Why doesn't this pointer passing work?

Question

EDIT: An initial "float** floats;" was a typo, corrected. Also, "*floats[0] = 1.0;" does work, but "*floats[1] = 1.0;" segfauls at that point. The array is malloced. Compilation has no warnings on pedantic c99.

This worked:

(pseudo:)

void func(int*);
int i;
func(&i);
void func(int* i) {
 func2(i);
}
void func2(int* i) {
 *i = 2;
}

initial value changed to 2.

but this didn't work:

void func(float**);
float* floats;
func(&floats);
void func(float** floats) {
 func2(floats);
}
void func2(float** floats) {
 *floats[1] = 1.0;
}

segfault on assignment;

Answer 1

because 'floats' is a bad pointer. Sure, you declared the pointer, but you haven't allocated any memory, so wherever it happens to point will be invalid.

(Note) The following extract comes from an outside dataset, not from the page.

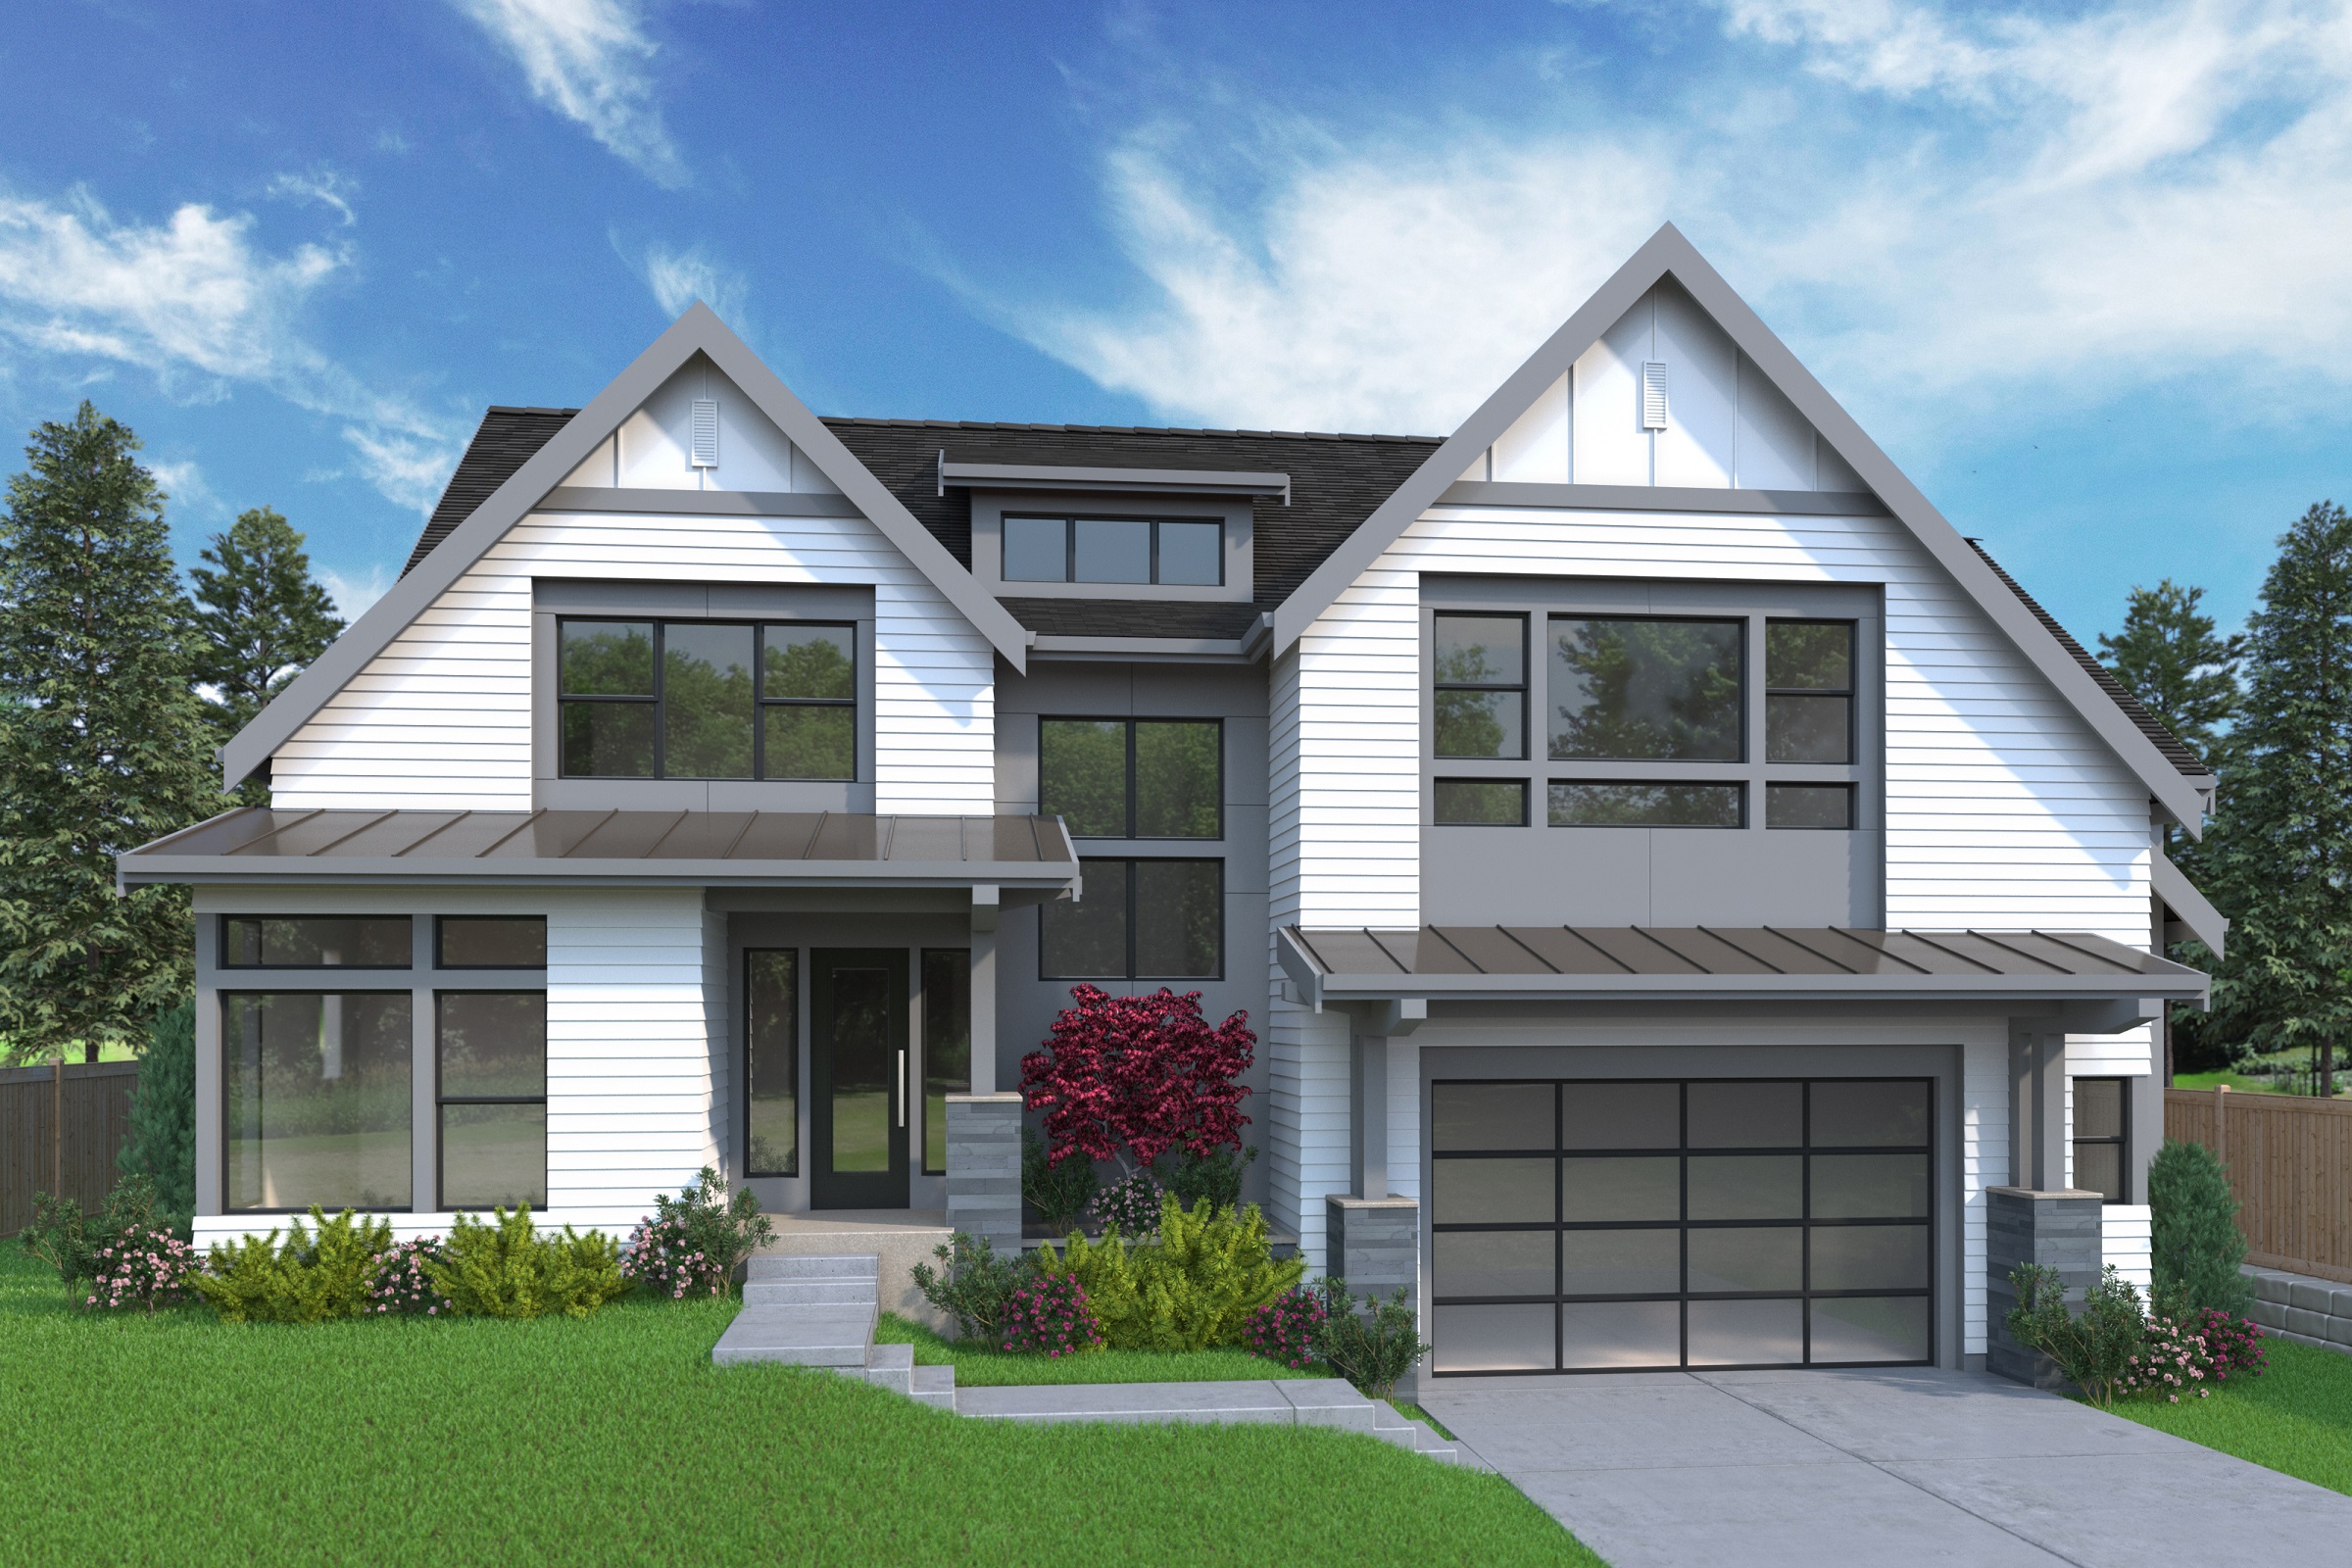 View our new luxury home construction on 16713 SE 2nd Pl, in Bellevue, WA from MN Custom Homes

Also, the address of a float** is a float***, which is not what your function calls for.

Answer 2

Why are you passing a pointer to an array? Have you tried

func(float *floats)
{
  func2(floats);
}

func2(float *floats)
{
  floats[0] = 2;
}

Answer 3

Say you have these 2 funcs, like you posted:

void func2(float** floats) {
 *floats[1] = 1.0;
}
void func(float** floats) {
 func2(floats);
}

Then you have the following code:

float* floats;
func(&floats);

What happens? First, floats is a float * , and since it's not assigned, it points to a random memory location, say 0xBADD . If you write to here, you're liable to screw something up.

The address of floats , &floats is another memory location pointing to where it is on the stack, say 0x1000 . This is passed to func , which is then verbatim passed to func2 .

What does func2 do? It tries to write something in the location *floats[1] . I'm not sure what happens first, the bracket or the star, so let's take both cases:

*(floats[1]) : First you find what floats[1] is. Since floats is the memory location of the initial floats variable, this is 0x1000 . floats[1] would be 0x1004 , since pointers are 4 bytes wide assuming a 32-bit system. Then you try to dereference this pointer, which is the value of whatever is in memory location 0x1004 . This could be anything, like 0xBAD2 , so trying to write a float value there most likely causes a segfault.

(*floats)[1] . Here you first dereference floats , which gets you 0xBADD , of type float * . You then try to write a value into 0xBADD + 4 , or 0xBAE1 . This is memory that hasn't been allocated for you, so writing there will likely cause a segfault.

Either way, you're messing with memory that isn't yours, thus leading to a segfault.